We choose version 1.3.38, but newer versions can also be used.
wget https://sourceforge.net/projects/graphicsmagick/files/graphicsmagick/1.3.38/GraphicsMagick-1.3.38.tar.gz
tar -xvf GraphicsMagick-1.3.38.tar.gz
cd GraphicsMagick-1.3.38
./configure --build x86_64-linux-gnu --enable-shared --enable-static --enable-libtool-verbose --prefix=/usr --mandir=${prefix}/share/man --infodir=${prefix}/share/info --docdir=${prefix}/share/doc/graphicsmagick --with-gs-font-dir=/usr/share/fonts/type1/gsfonts
make
sudo make install
configure options are the same as the ones used in the Ubuntu package.

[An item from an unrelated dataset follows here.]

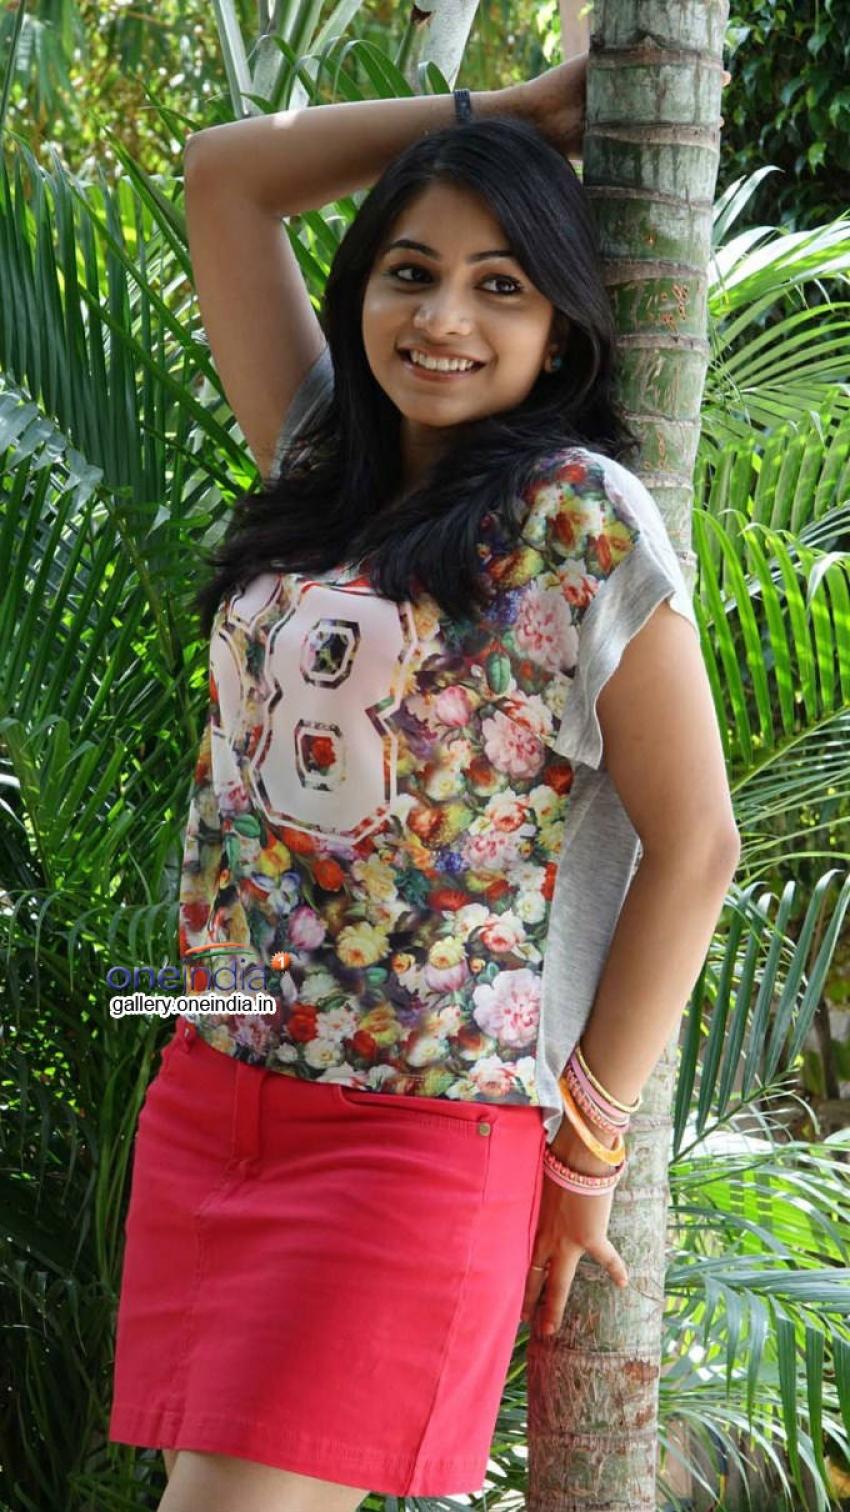 Panchadara Pachimirchi Photos

Aditional custom configuration#
Domain name#
We used a domain name to access the application. This is not mandatory, but it is highly recommended.
Regarding CollectiveAccess configuration, the domain only needs to be declared in the navbar-toggle from views/pageFormat/pageHeader.php file of pawtucket2 theme.
SSL certificate#
It is highly recommended to use a SSL certificate to secure the communication between the users and the application. We used a free certificate from Let’s Encrypt. To make the configuration more easy, the certificate is issued using the Certbot tool. The certificate is configured to be renewed automatically.
Email configuration#
As this configuration depends on the email provider, we’re not going to describe it here. Options like Gmail, osr other free providers don’t work, since they require a two-step authentication.
We used SendGrid, as is the one recommended by CollectiveAccess developers, and multiple projects have been using it. CollectiveAccess documentation is not available. Some guidance can be found in this two forum posts: Using SendGrid from SMTP to share records in Pawtucket fails and Email configuration settings.